(GIVEN INFORMATION Opens)
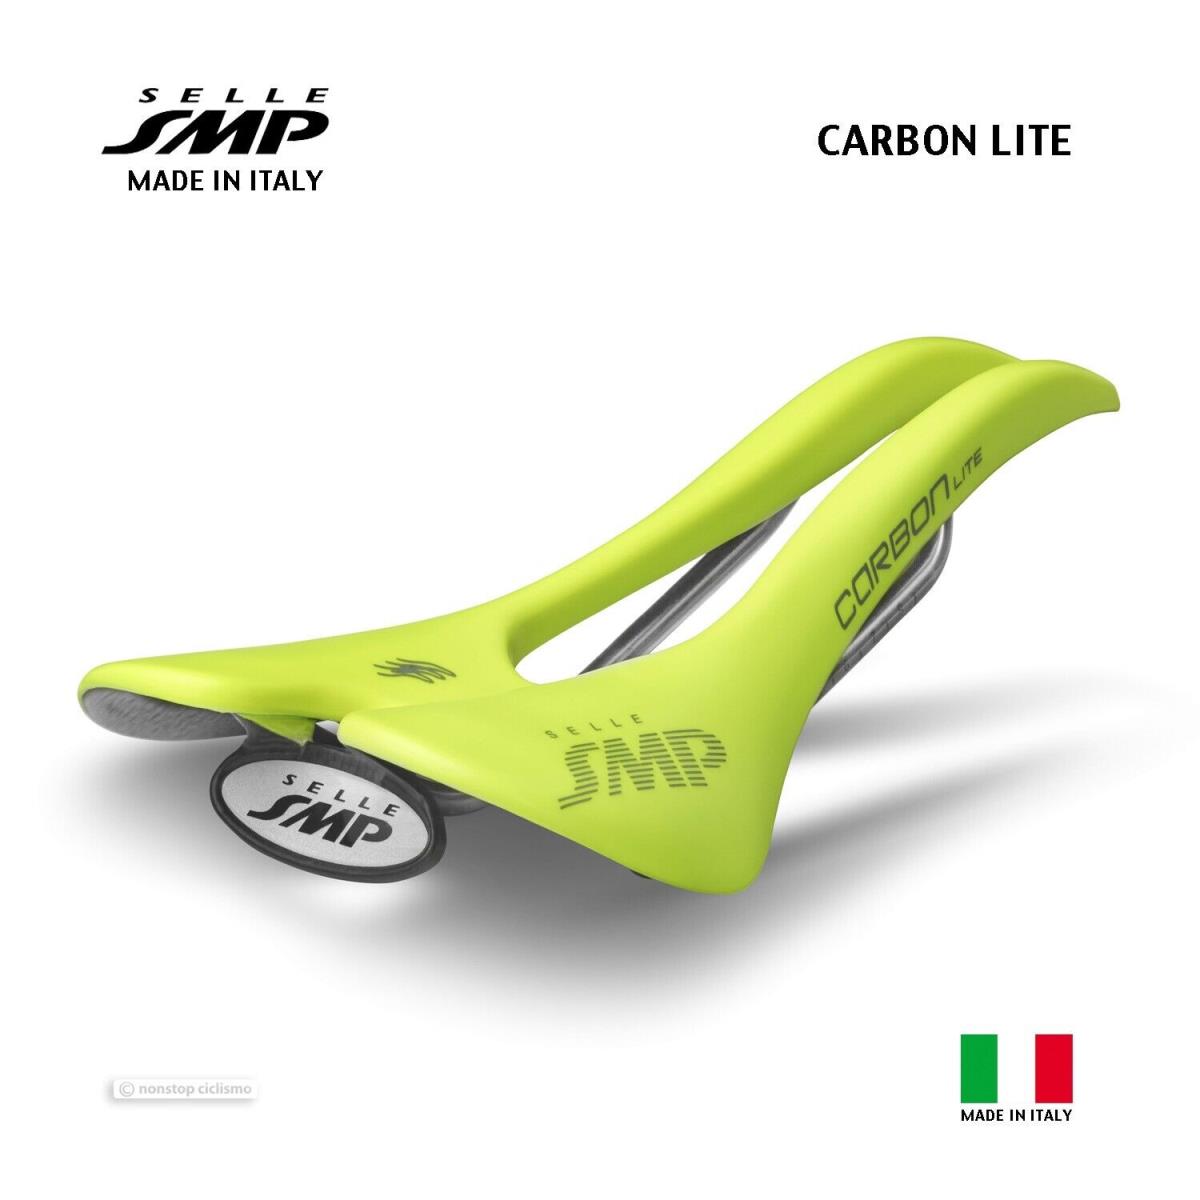 Selle Smp Carbon Lite Saddle : Yellow Fluo - Made IN Italy
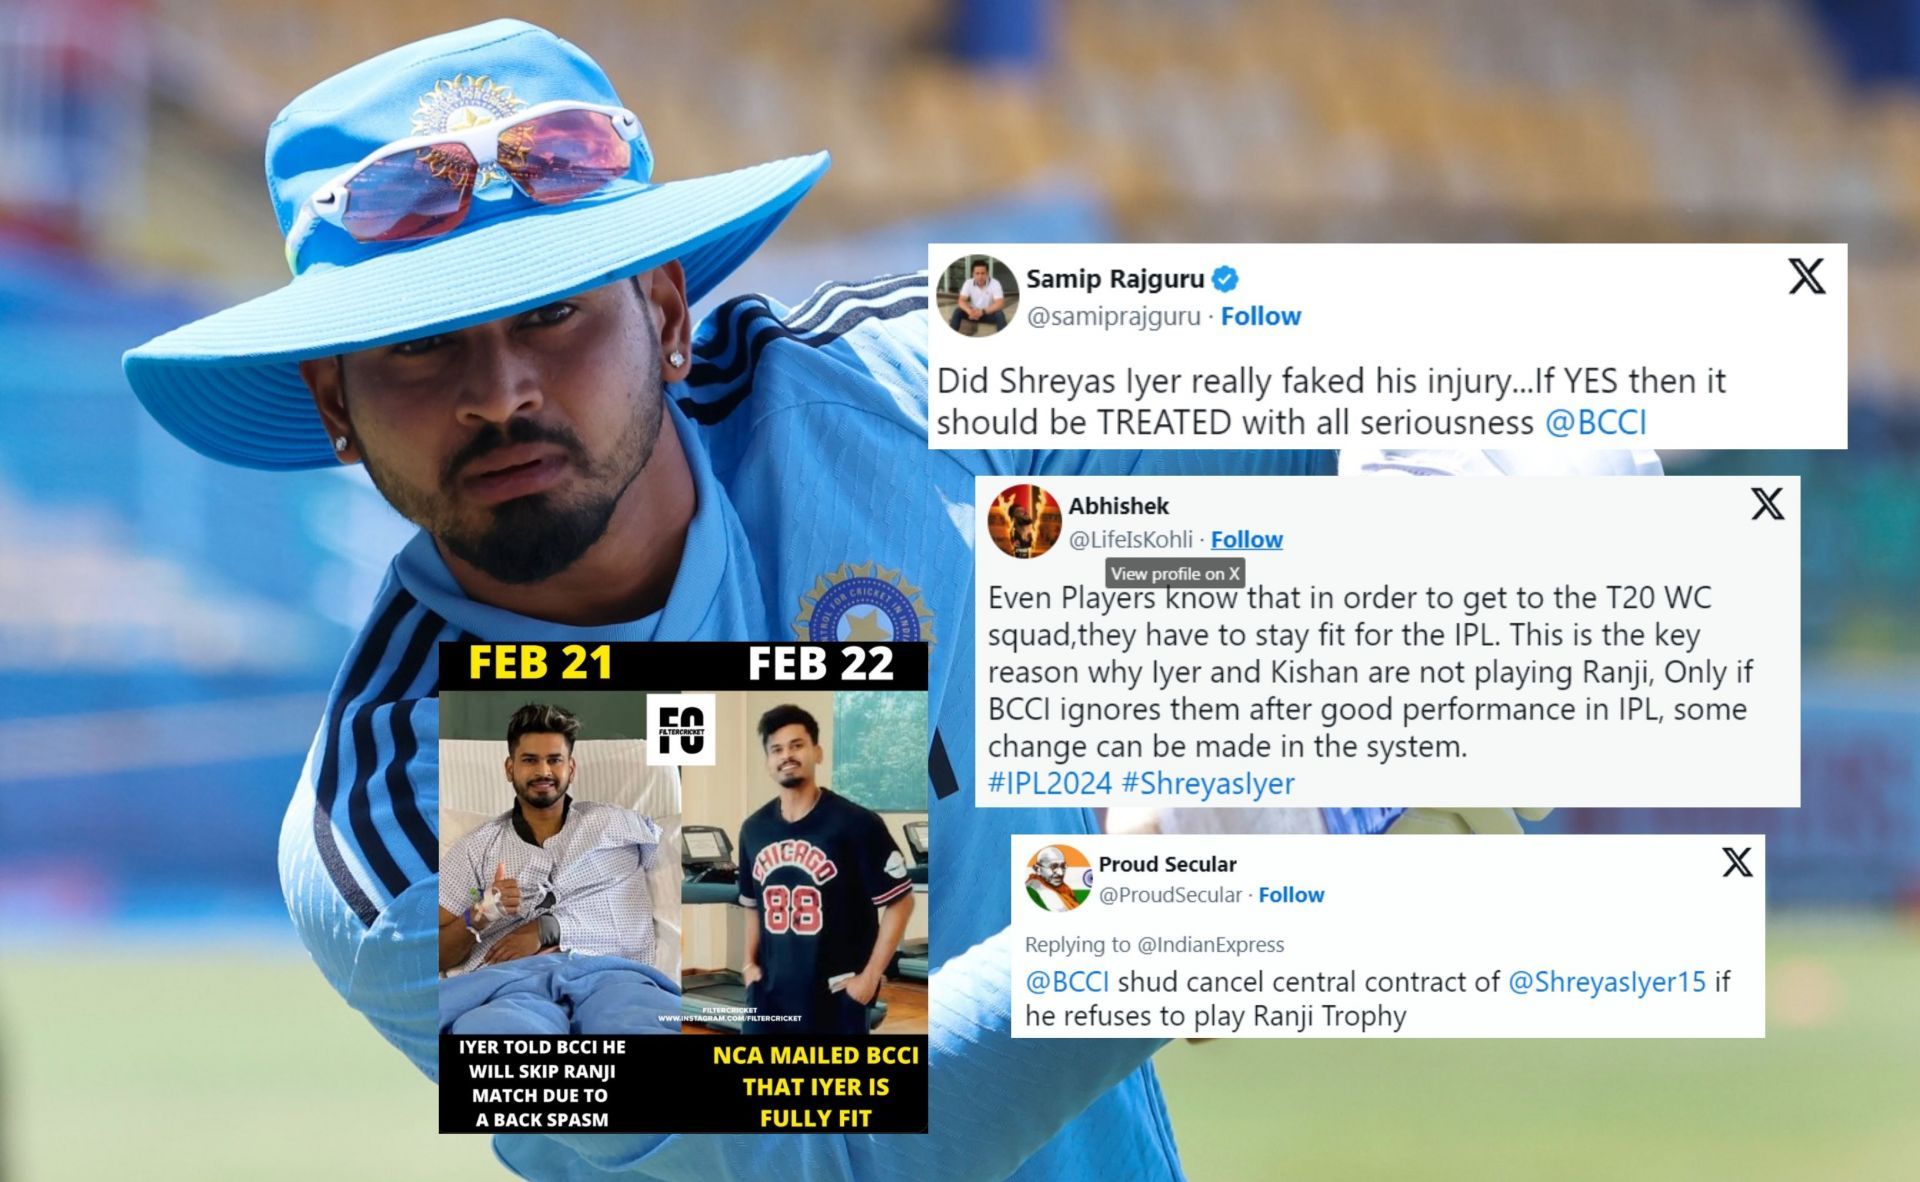 Fans react to controversy surrounding Shreyas Iyer
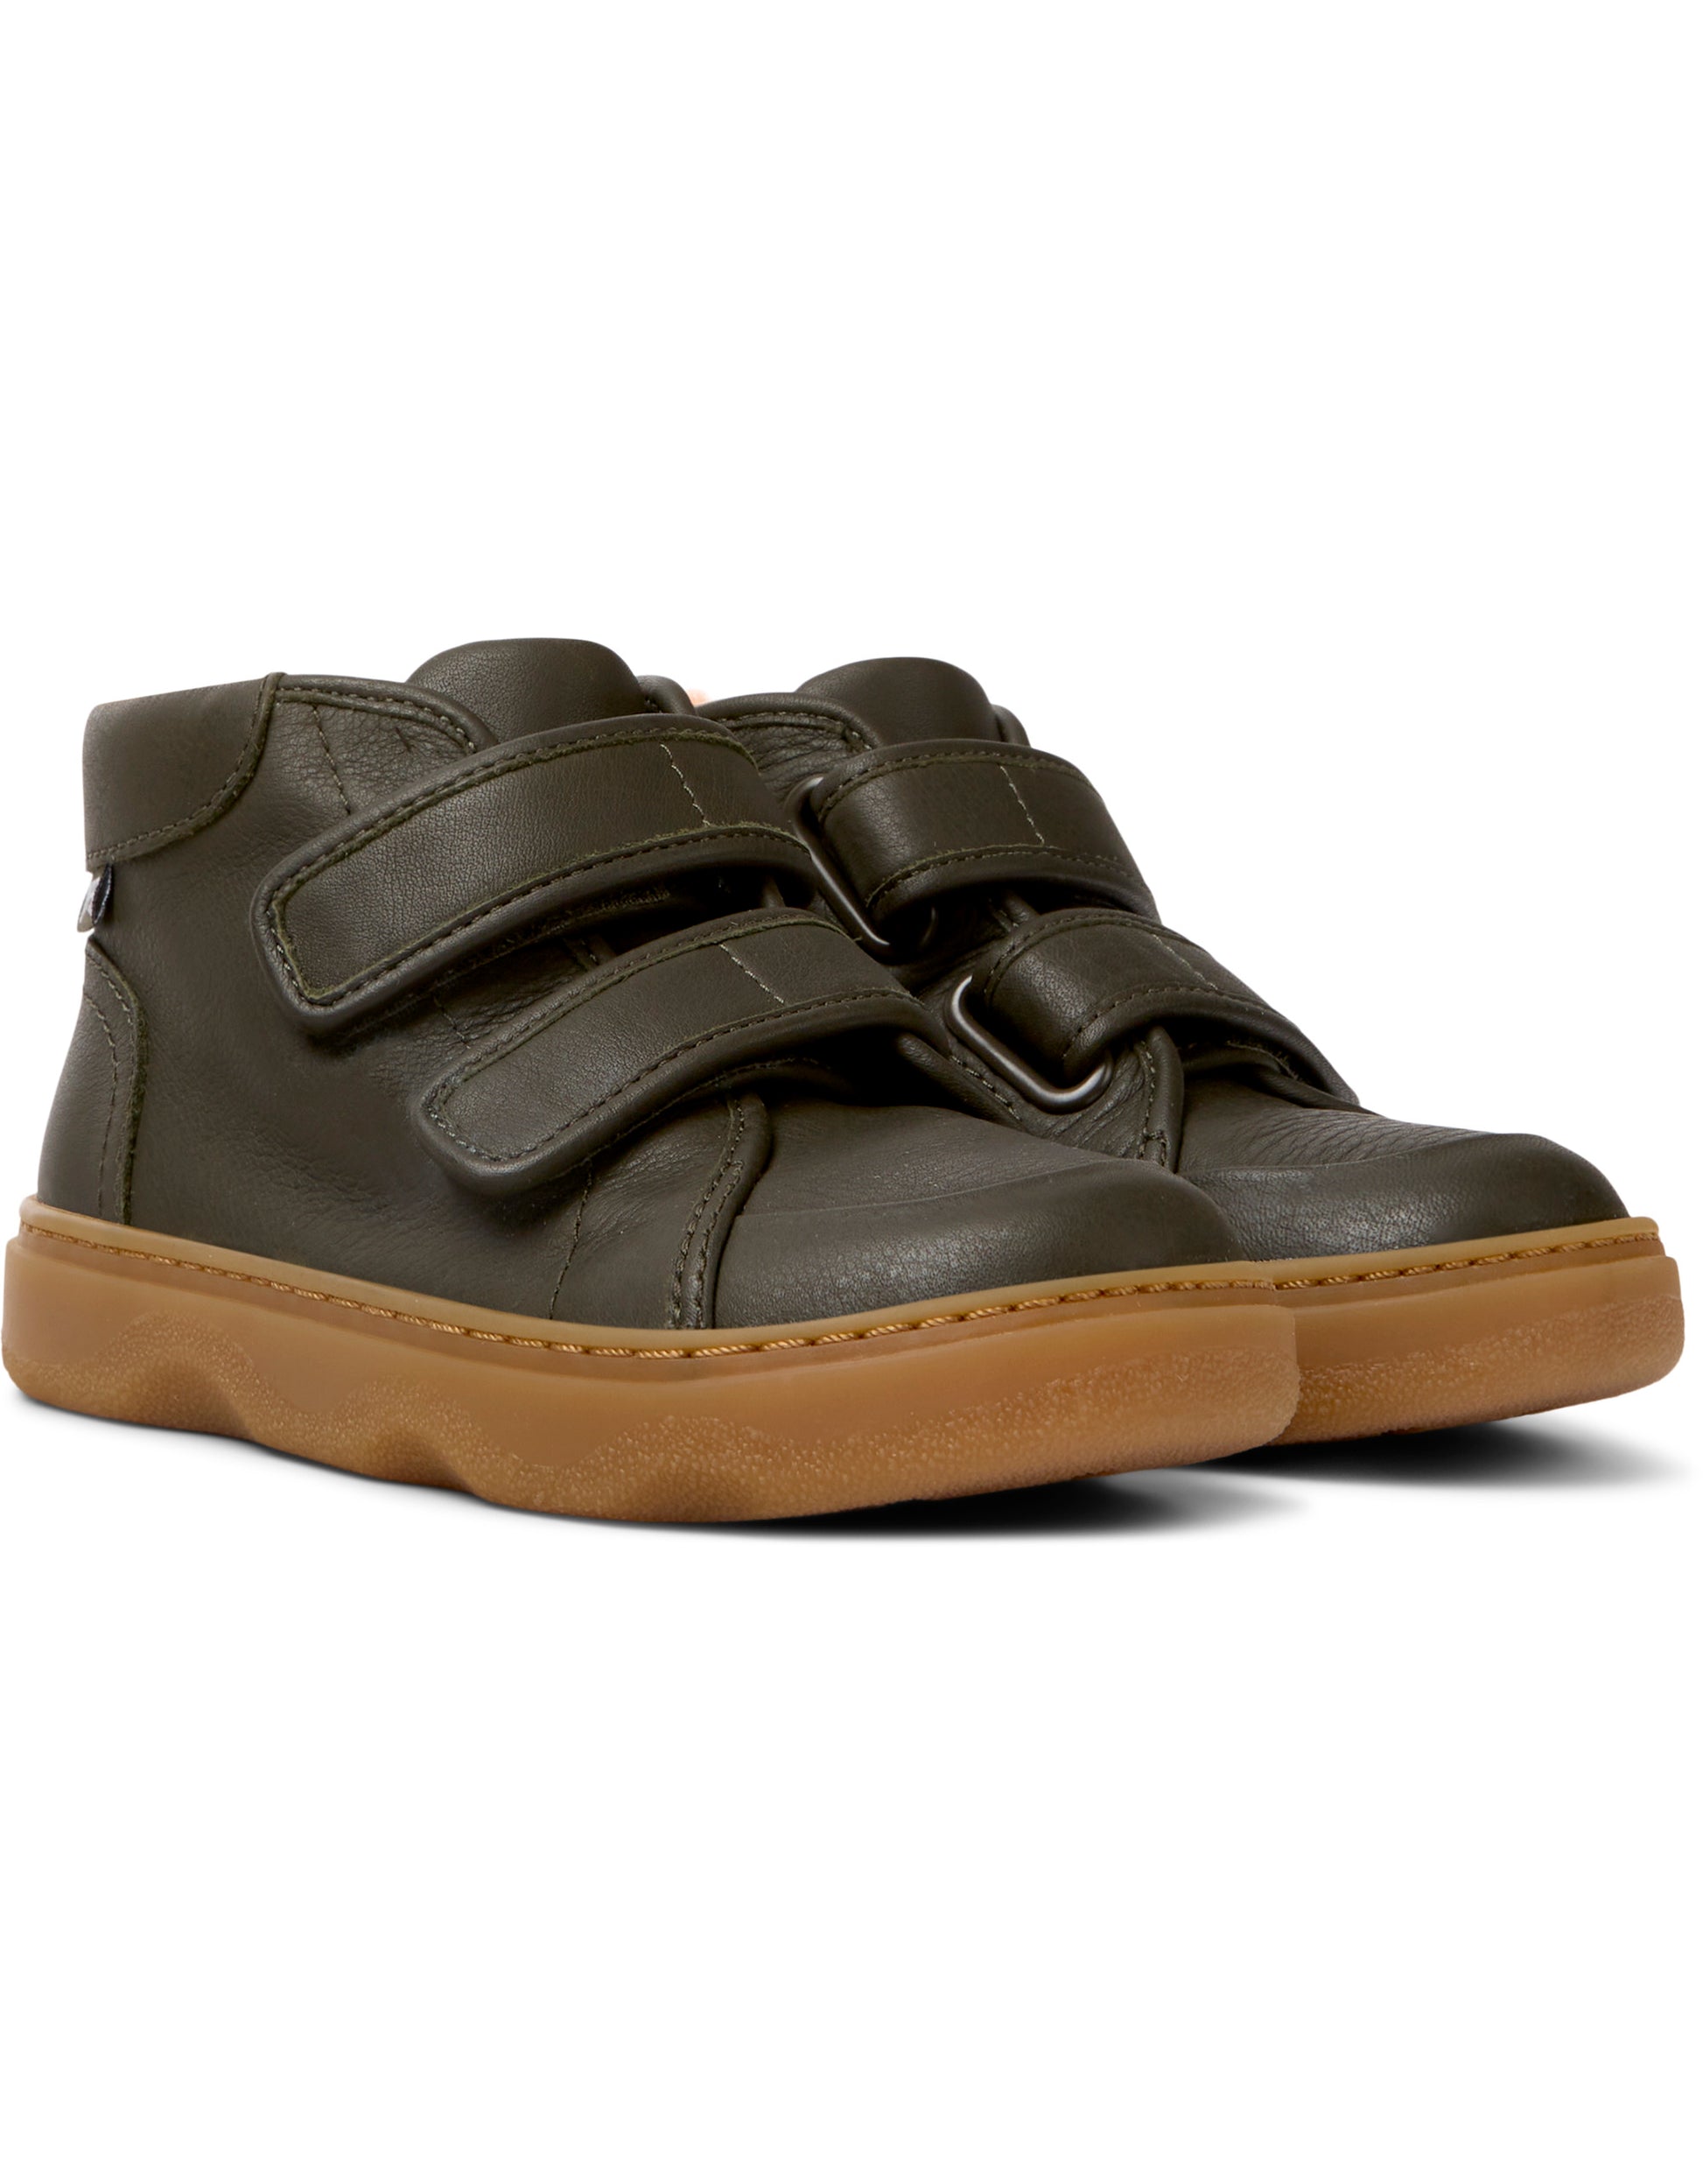 A pair of boys casual ankle boots by Camper, style K900303-004 in brown leather with double velcro fastening. Angled view.
(GIVEN INFORMATION Closes)
WHAT YOU NEED TO DO: Word for word, reproduce all the data, but not the pictures.

FINAL ANSWER:
 Selle Smp Carbon Lite Saddle : Yellow Fluo - Made IN Italy
 Fans react to controversy surrounding Shreyas Iyer
 A pair of boys casual ankle boots by Camper, style K900303-004 in brown leather with double velcro fastening. Angled view.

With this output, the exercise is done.